The method is to use the Leibniz rule in the differentiation and and change the sign whenever the exterior derivative moves past an odd form. In addition the following identity must be used $ dgg^{-1} + g dg^{-1} = 0$, and remember that the commutator is is between odd forms thus it is with a plus sign.

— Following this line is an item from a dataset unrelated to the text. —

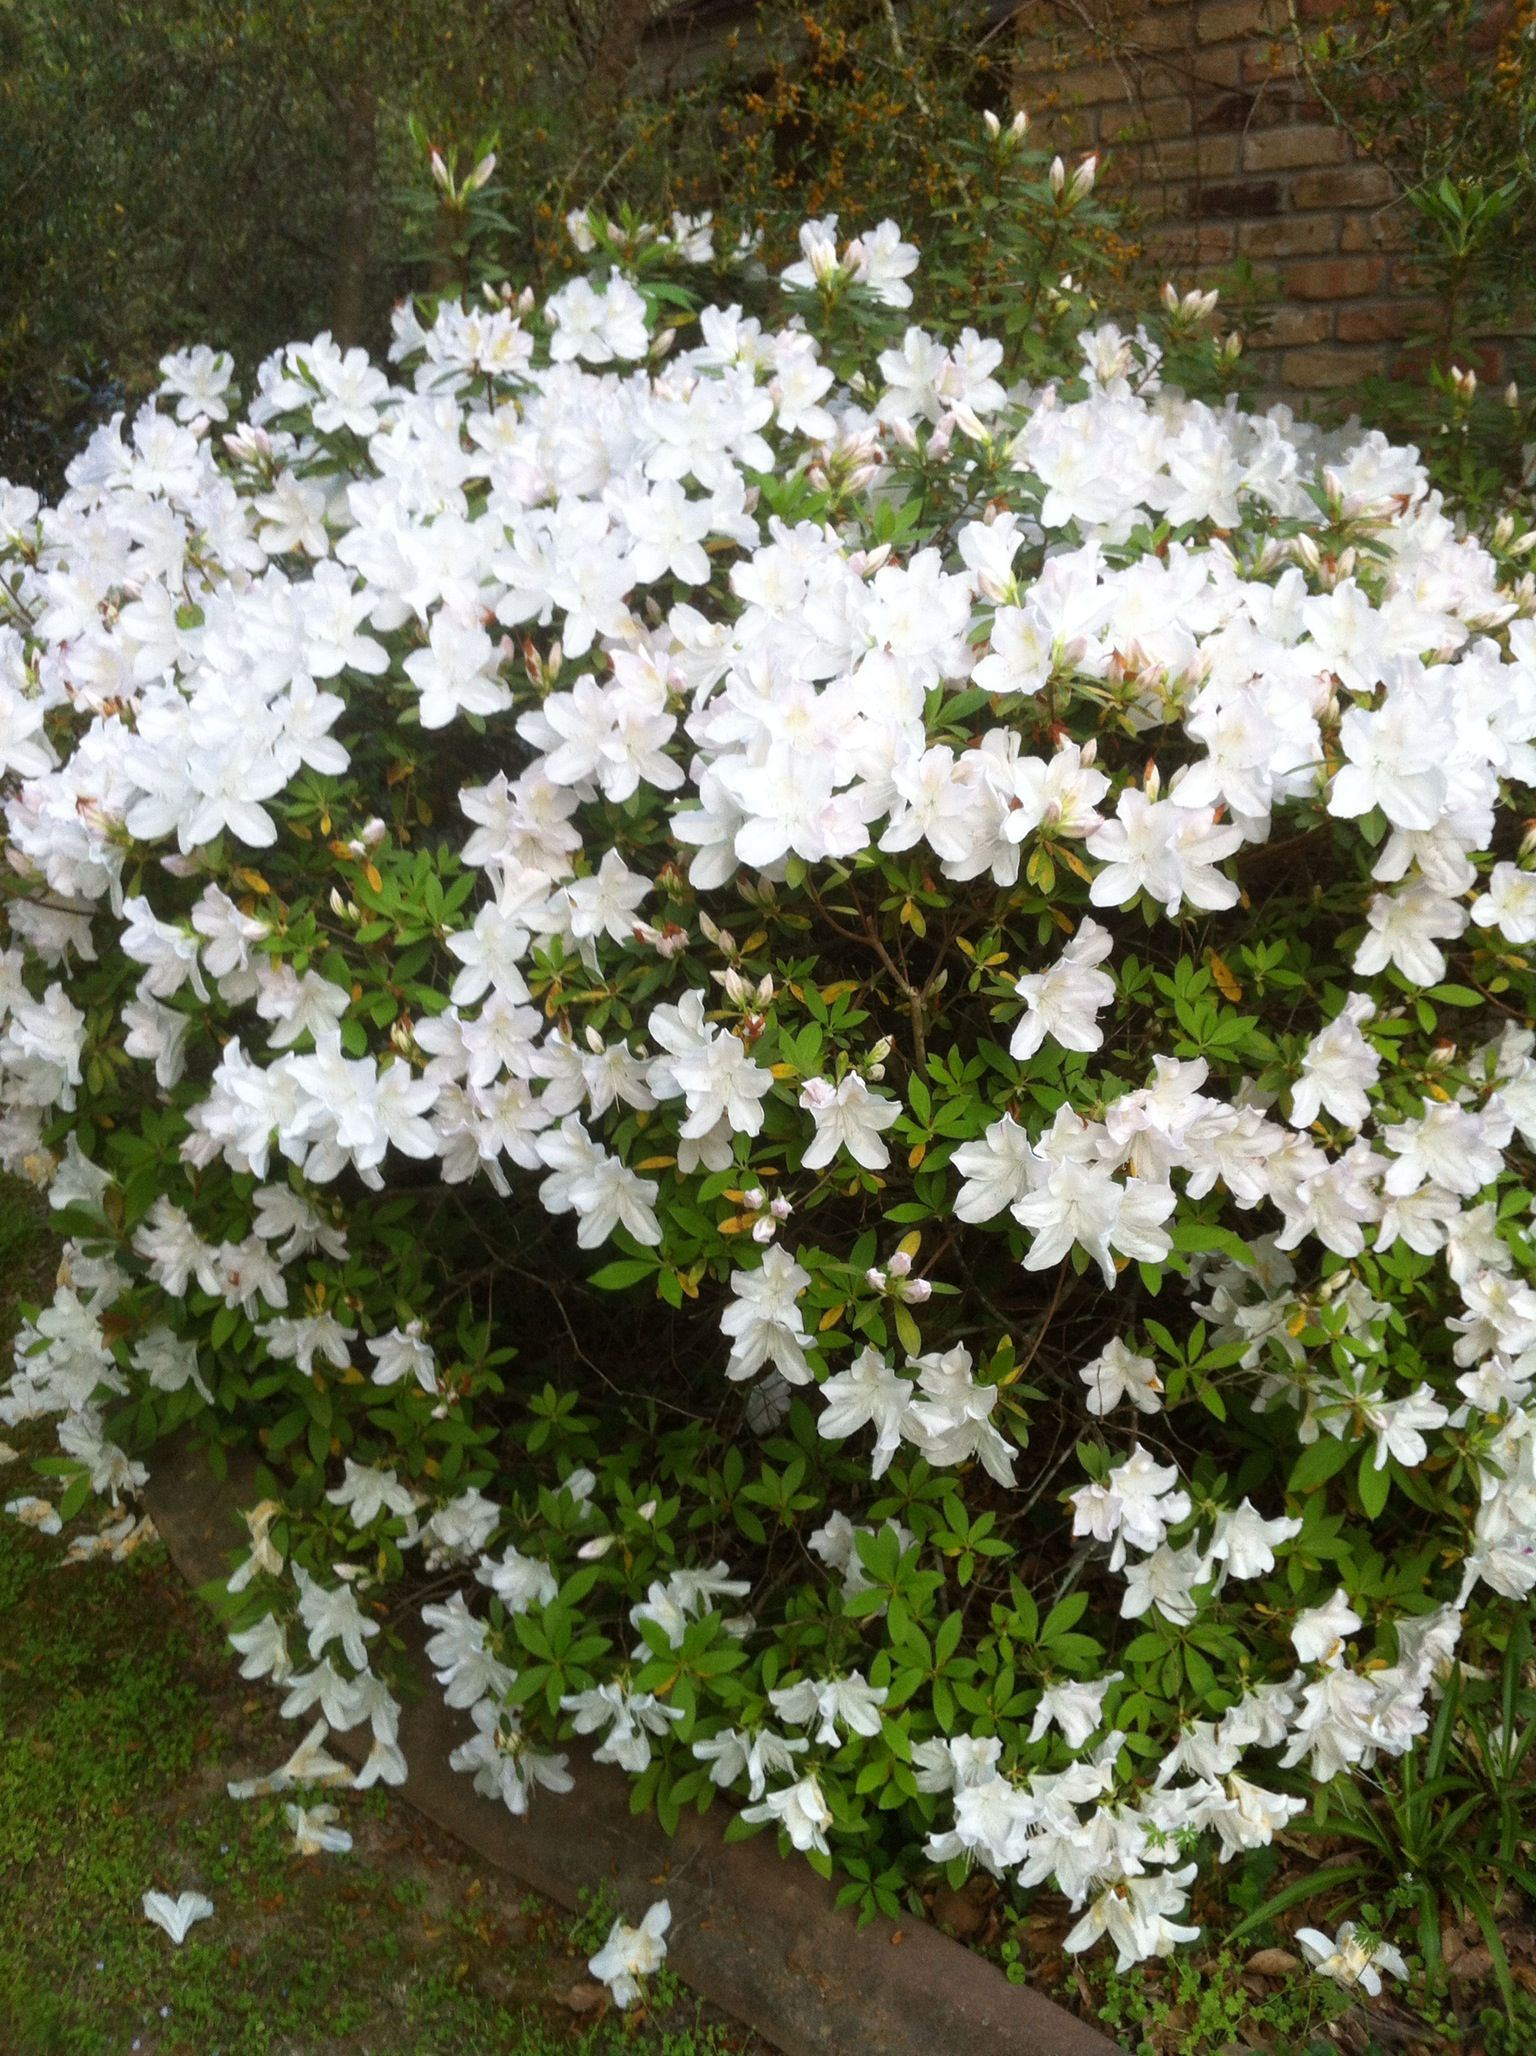 I Wanna Do White Azaleas On The Front Of The House Garden Design Plans Butterfly Garden Design Azaleas

Here are the intermediate results:

$\frac{1}{2}[A_g, A_g] = \frac{1}{2}g[A, A] g^{-1} -[dgg^{-1}, g A g^{-1}] + dgg^{-1}\wedge dgg^{-1}$

$dA_g = g dA g^{-1} + [dgg^{-1}, g A g^{-1}] - dgg^{-1}\wedge dgg^{-1}$

Here are the required details:

$ d(gAg^{-1})$

  1. Application of the Leibniz rule (Please observe the minus sign in the last term)

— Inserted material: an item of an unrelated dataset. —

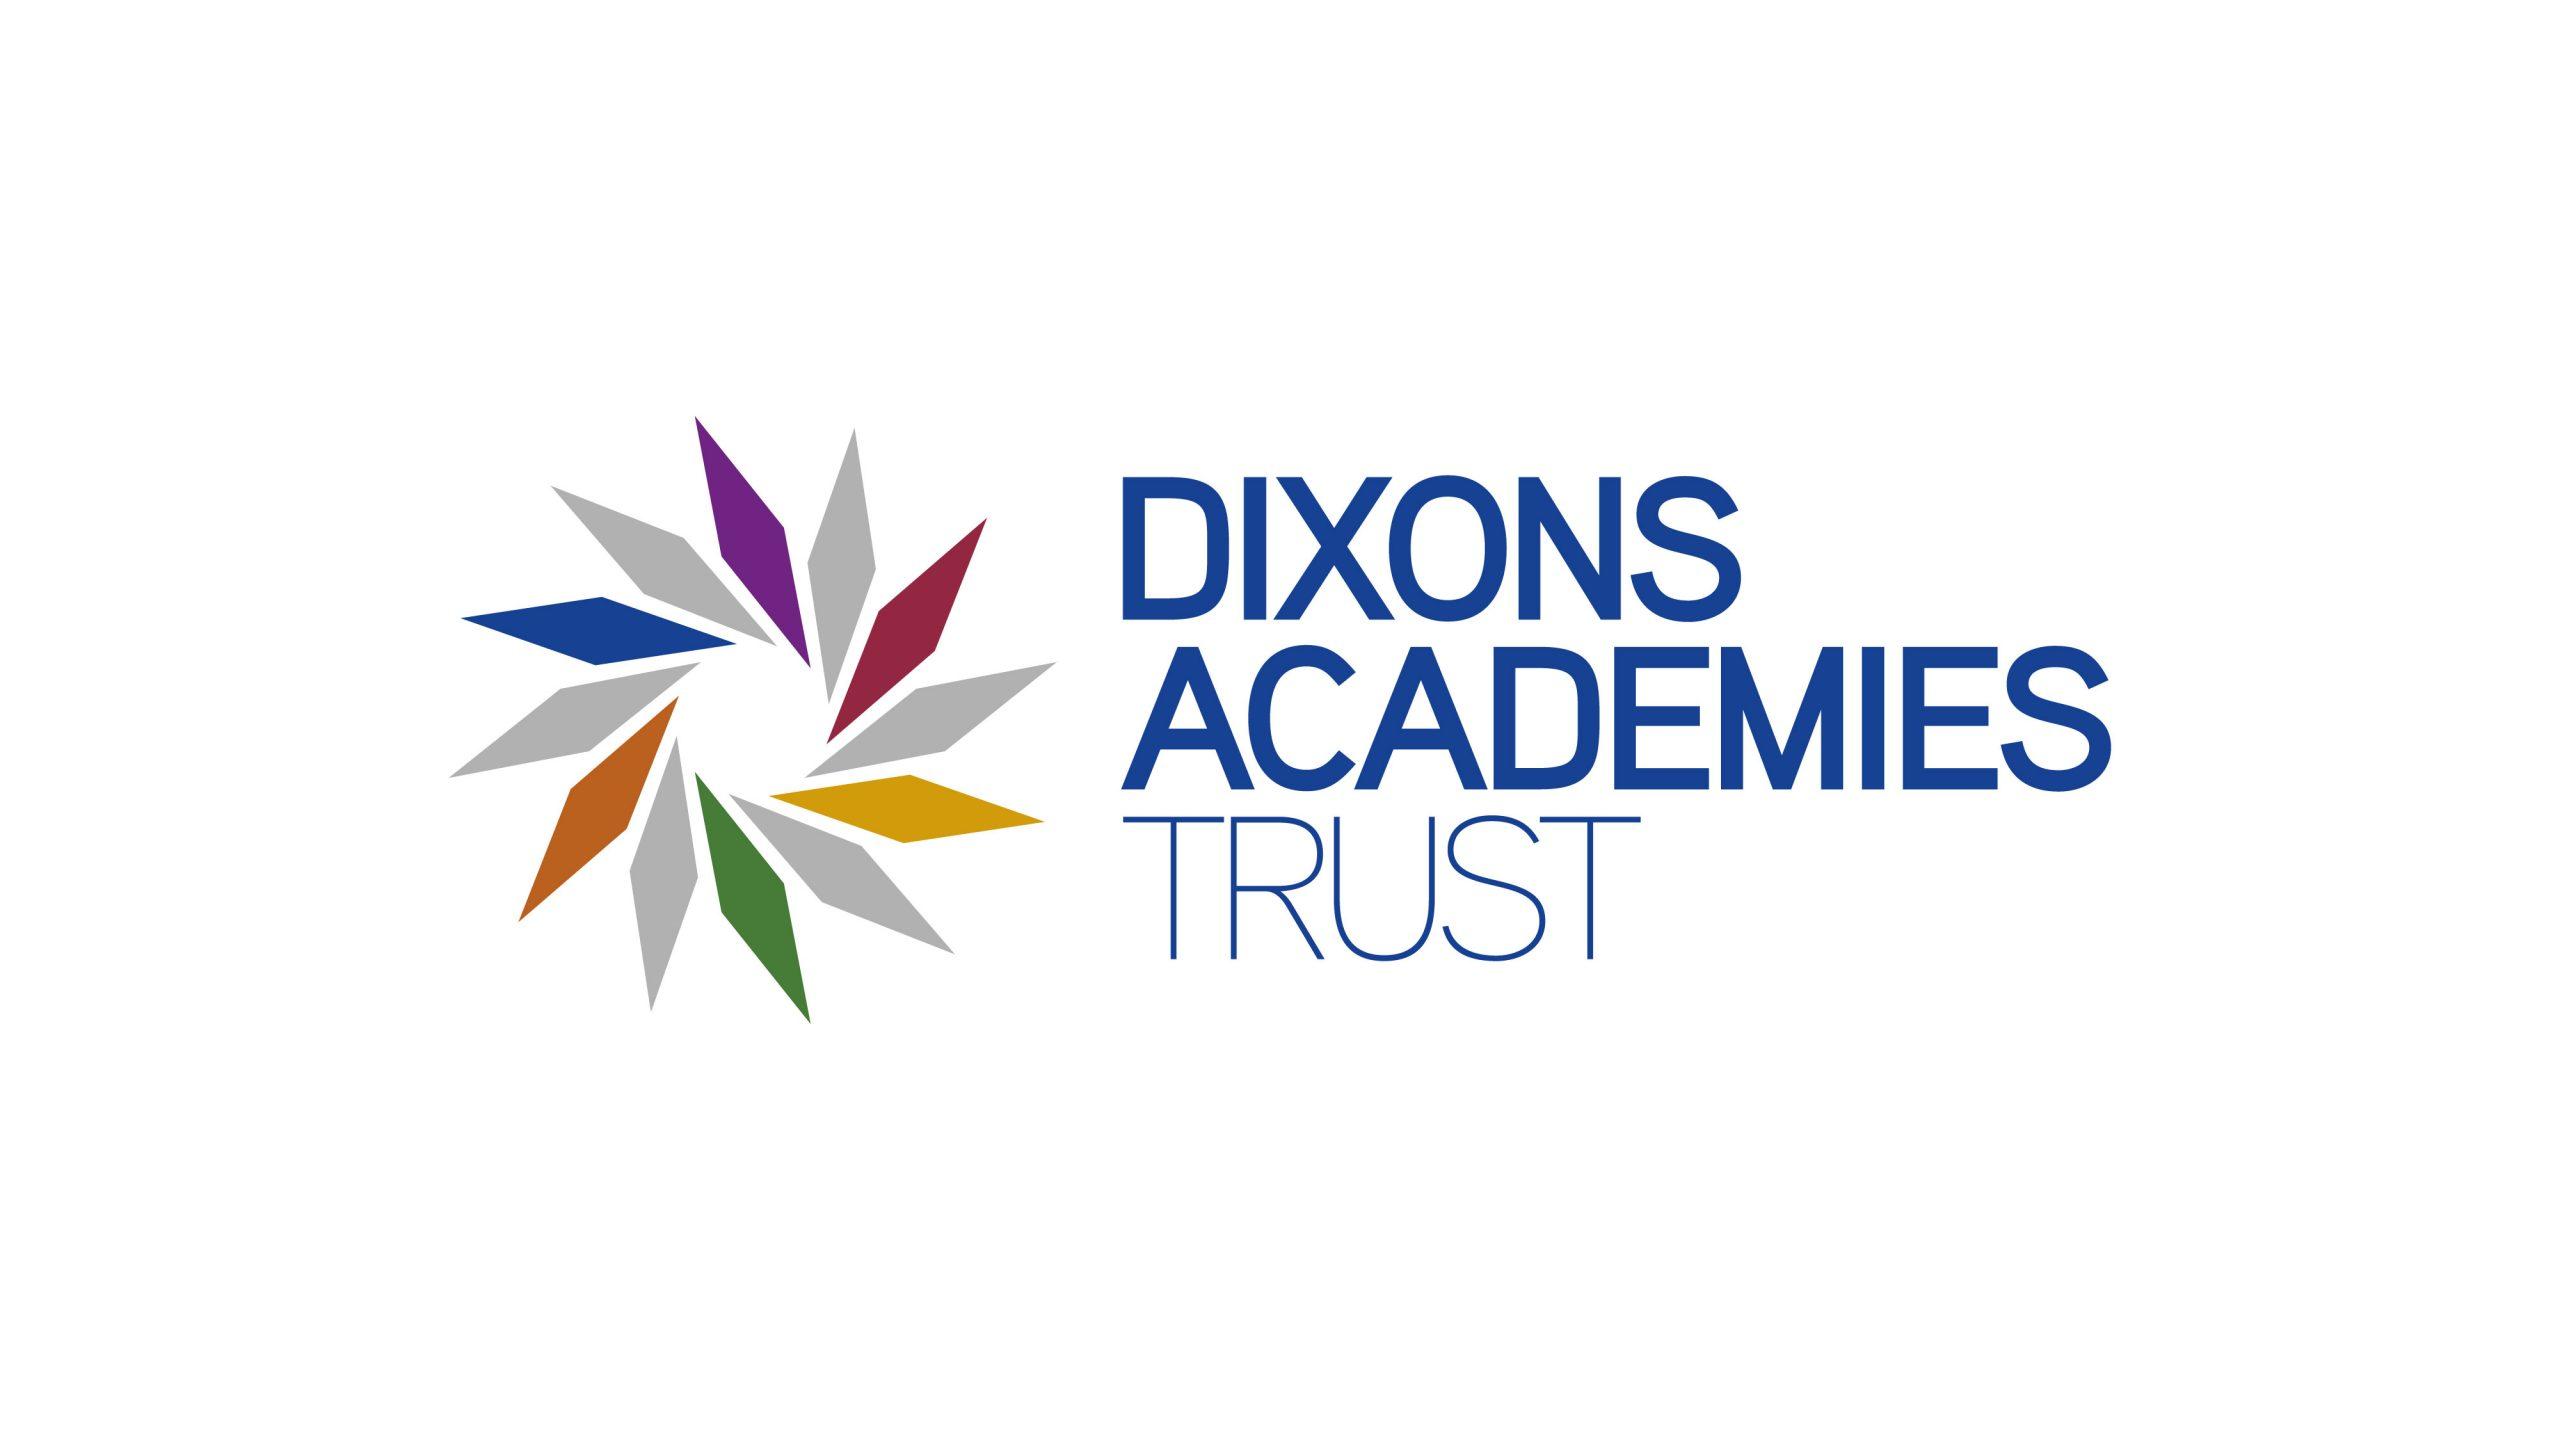 dixons_academy_08

$ d(gAg^{-1}) = dg \wedge A g^{-1} + g dA g^{-1} - g A \wedge dg^{-1}$

  1. Using the identities $g g^{-1} = 1$ in the first term and $ dg^{-1} = - g^{-1}dg g^{-1} $ in the last term

$ = dg g^{-1} g \wedge A g^{-1} + g dA g^{-1} +g A g^{-1} \wedge dg g^{-1} $

  1. Collection of the first and last term into a commutator:

$ = g dA g^{-1} +[ dg g^{-1}, g A g^{-1} ]$

$ d(dg g^{-1})$

  1. Application of the Leibniz rule (Please observe the minus sign in the last term)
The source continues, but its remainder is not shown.